1937 film by Elliott Nugent

It's All Yours is a 1937 American comedy film directed by Elliott Nugent and starring Madeleine Carroll, Francis Lederer and Mischa Auer. It was produced and distributed by Columbia Pictures. It has sometimes been counted as a screwball comedy.

==Plot==
Jimmy Barnes arrives from Europe to be educated by his multi-millionaire uncle, Edward J. Barnes and in five years the extravagant escapes of Jimmy, now a lawyer, are the talk of San Francisco. Linda Gray is a mouse-like secretary to the elder Barnes who has fallen in love with Jimmy, but he favors actress Constance "Connie" Marlowe.
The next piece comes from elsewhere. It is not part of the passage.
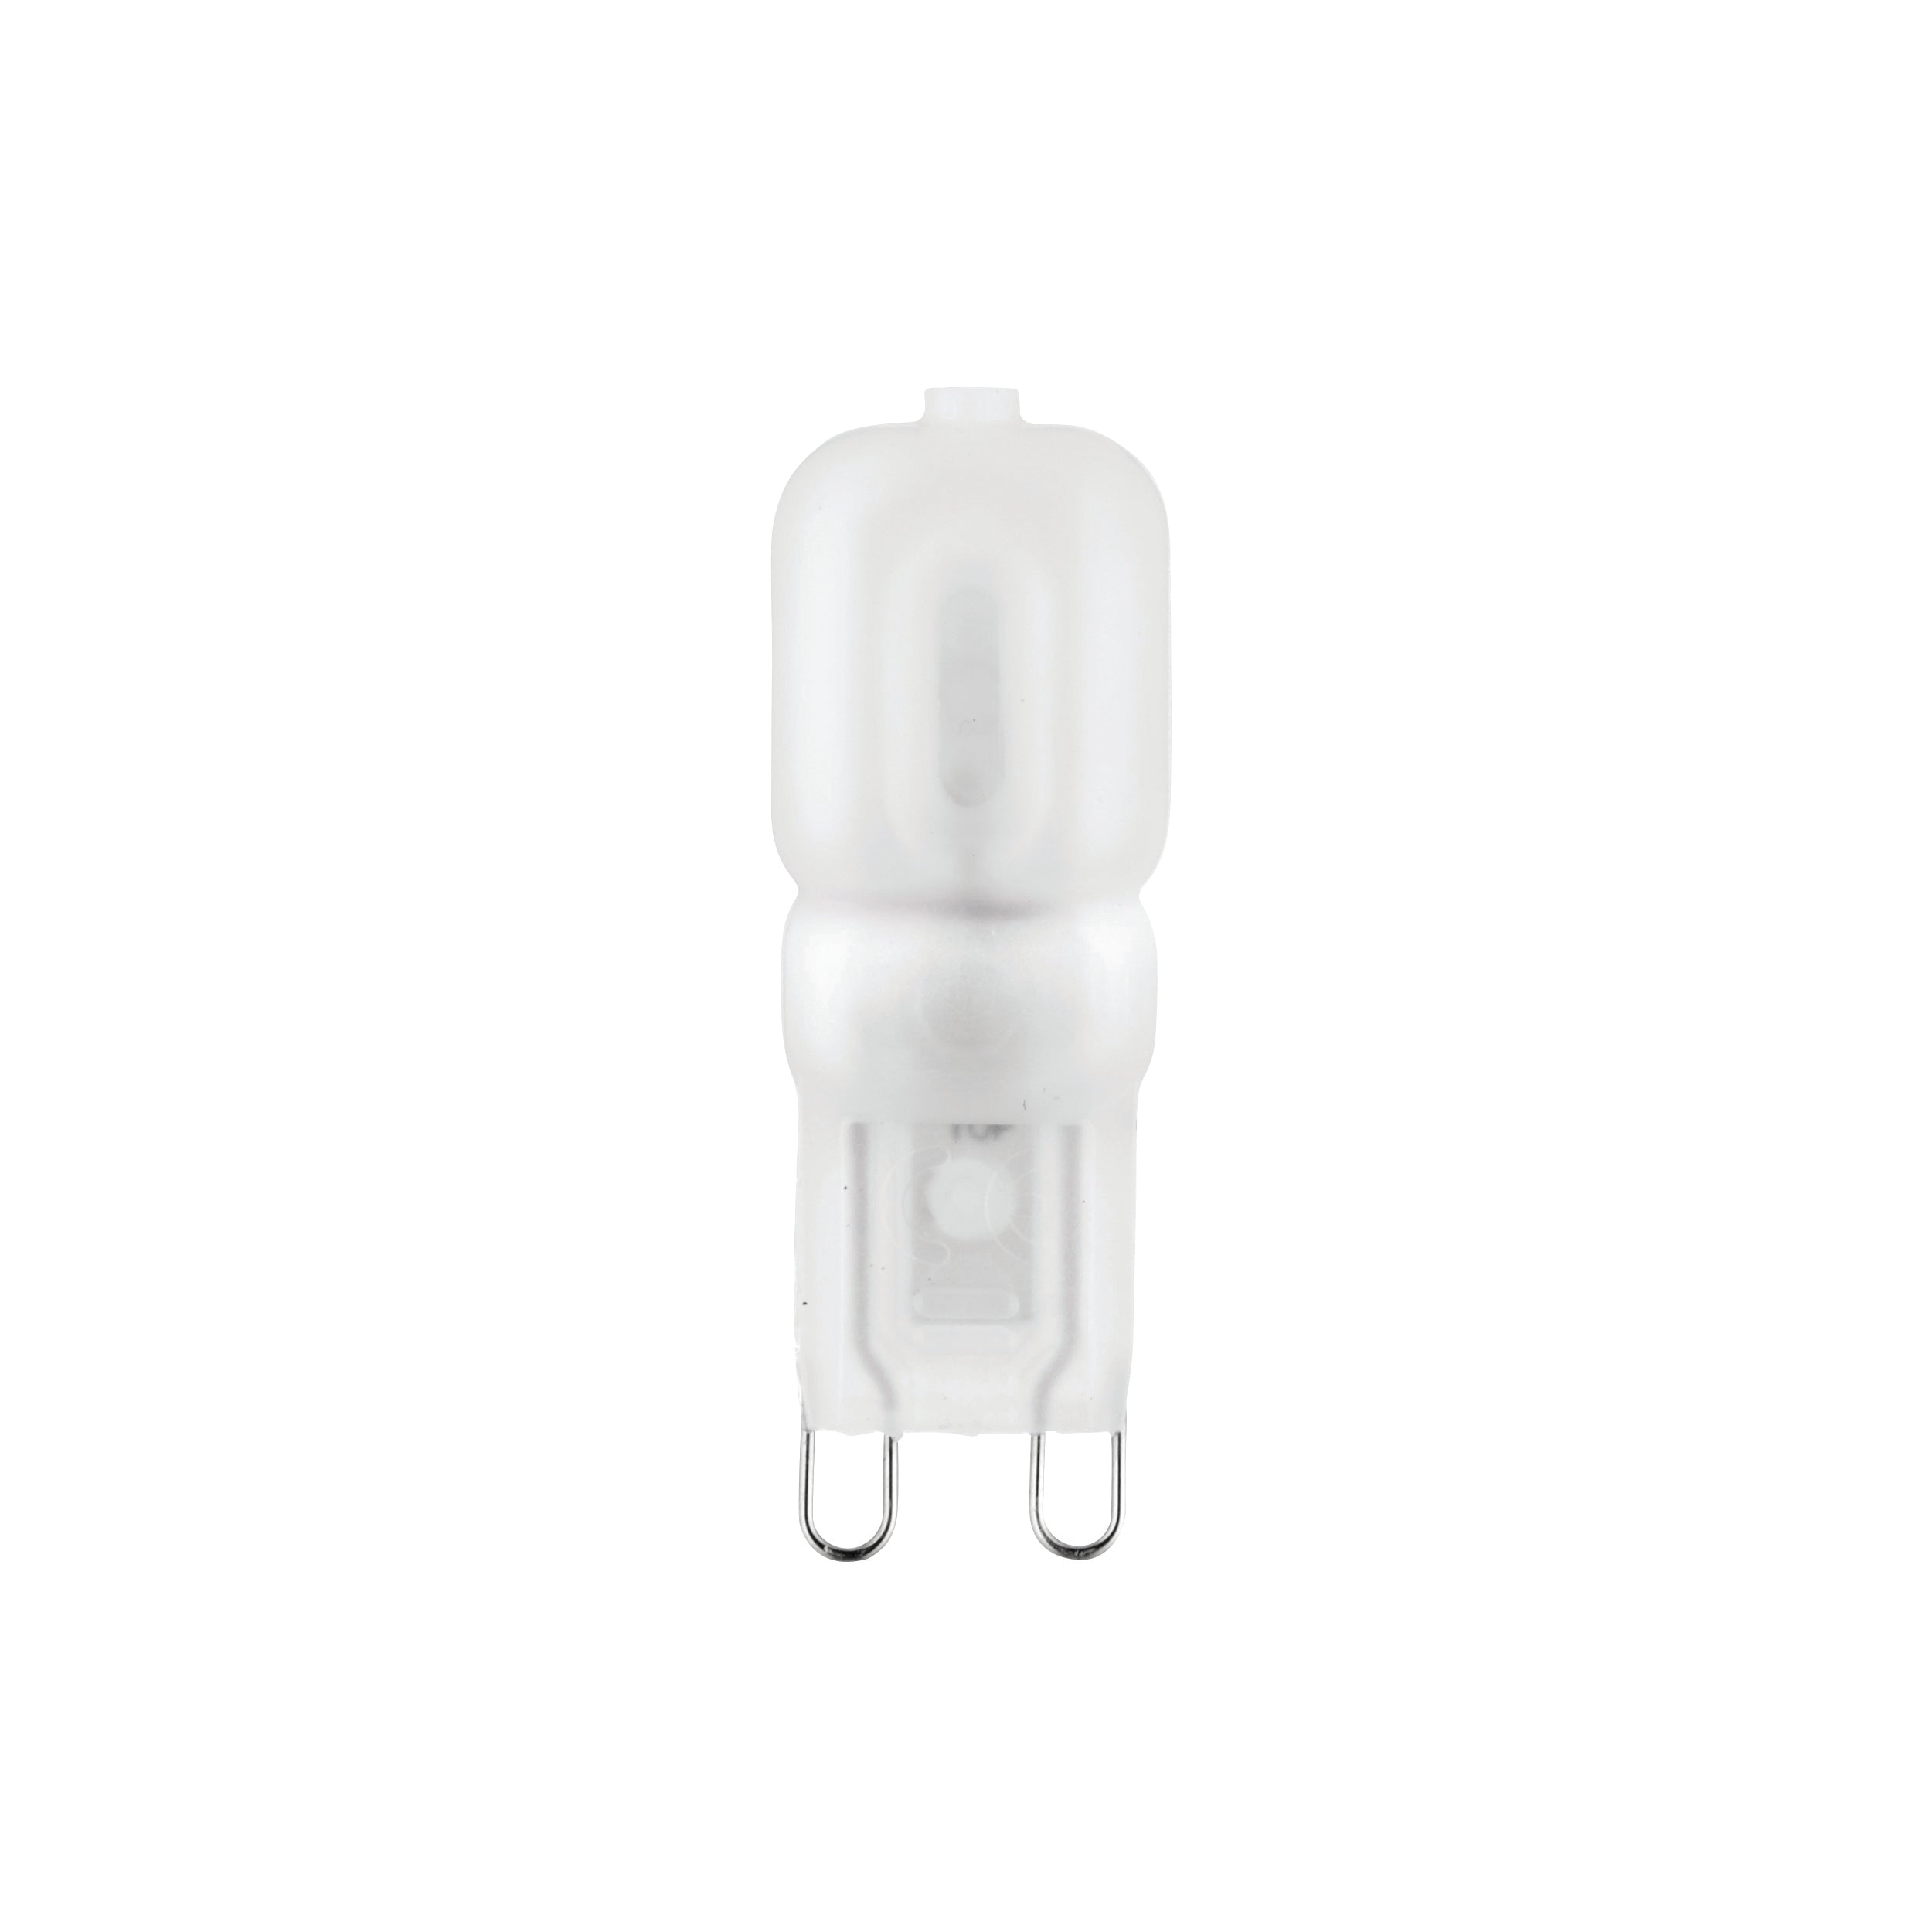 G9 LED bulb capsule. Cool White 4000K 2W 200lm. Non-Dimmable

Mr. Barnes dies and leaves everything to Linda but he has urged his partner, Alexander Duncan, to plan things so that Jimmy and Linda will get married. Coached by Duncan, Linda accepts the inheritance and announces that she is departing for New York on a wild spending spree. He tells Jimmy that the will can be broken but only after many months and he suggests that Jimmy follow Linda and curb her spending or there won't be any money left. In New York, Linda hires Jimmy as her private secretary. Connie also arrives in New York, as does the ingenious Baron Rene de Montigny with the intention of marrying the wealthy Miss Gray. Linda keeps Jimmy so busy he can't see Connie, while she, to make Jimmy jealous, starts dating Rene. When Rene proposes, she tells him she has no money and he says he couldn't marry a poor girl but will coach her into how to catch Jimmy. The latter, now jealous, rushes to Linda's apartment and attacks Rene who, being the amateur prize fighter champion of France, knocks him out. Source IMBD

==Cast==
- Madeleine Carroll as Linda Gray
- Francis Lederer as Jimmy Barnes
- Mischa Auer as Baron Rene de Montigny
- Grace Bradley as Constance Marlowe
- Victor Kilian as City Clerk
- George McKay as License Clerk
- Charles Waldron as Alexander Duncan
- J.C. Nugent as E.J. Barnes
- Richard Carle as Judge Reynolds
- Arthur Hoyt as Dabney

==Bibliography==
- Halbout, Grégoire. Hollywood Screwball Comedy 1934-1945: Sex, Love, and Democratic Ideals. Bloomsbury Publishing, 2022.
- Pascoe, John. Madeleine Carroll: Actress and Humanitarian, from The 39 Steps to the Red Cross. McFarland, 2020.
- Sikov, Ed. Screwball: Hollywood's Madcap Romantic Comedies. Crown Publishers, 1989.